Starting at the top line and ending at the last, restate the records exactly.

START SUPPLIED MATERIAL

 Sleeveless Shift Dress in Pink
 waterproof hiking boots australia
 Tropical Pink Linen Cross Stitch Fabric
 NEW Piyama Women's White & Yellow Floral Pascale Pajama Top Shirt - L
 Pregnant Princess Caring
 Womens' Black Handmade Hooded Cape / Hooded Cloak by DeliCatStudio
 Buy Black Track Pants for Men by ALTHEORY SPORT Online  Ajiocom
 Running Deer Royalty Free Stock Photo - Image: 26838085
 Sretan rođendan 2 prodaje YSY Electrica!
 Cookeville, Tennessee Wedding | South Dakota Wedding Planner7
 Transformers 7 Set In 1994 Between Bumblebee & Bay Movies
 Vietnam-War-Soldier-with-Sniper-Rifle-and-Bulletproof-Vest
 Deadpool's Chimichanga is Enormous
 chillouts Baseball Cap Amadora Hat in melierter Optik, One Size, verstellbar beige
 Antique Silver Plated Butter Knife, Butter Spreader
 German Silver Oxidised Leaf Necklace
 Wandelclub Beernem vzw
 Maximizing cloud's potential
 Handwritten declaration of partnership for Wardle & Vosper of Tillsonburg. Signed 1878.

END SUPPLIED MATERIAL

EXERCISE ANSWER:
 Sleeveless Shift Dress in Pink
 waterproof hiking boots australia
 Tropical Pink Linen Cross Stitch Fabric
 NEW Piyama Women's White & Yellow Floral Pascale Pajama Top Shirt - L
 Pregnant Princess Caring
 Womens' Black Handmade Hooded Cape / Hooded Cloak by DeliCatStudio
 Buy Black Track Pants for Men by ALTHEORY SPORT Online  Ajiocom
 Running Deer Royalty Free Stock Photo - Image: 26838085
 Sretan rođendan 2 prodaje YSY Electrica!
 Cookeville, Tennessee Wedding | South Dakota Wedding Planner7
 Transformers 7 Set In 1994 Between Bumblebee & Bay Movies
 Vietnam-War-Soldier-with-Sniper-Rifle-and-Bulletproof-Vest
 Deadpool's Chimichanga is Enormous
 chillouts Baseball Cap Amadora Hat in melierter Optik, One Size, verstellbar beige
 Antique Silver Plated Butter Knife, Butter Spreader
 German Silver Oxidised Leaf Necklace
 Wandelclub Beernem vzw
 Maximizing cloud's potential
 Handwritten declaration of partnership for Wardle & Vosper of Tillsonburg. Signed 1878.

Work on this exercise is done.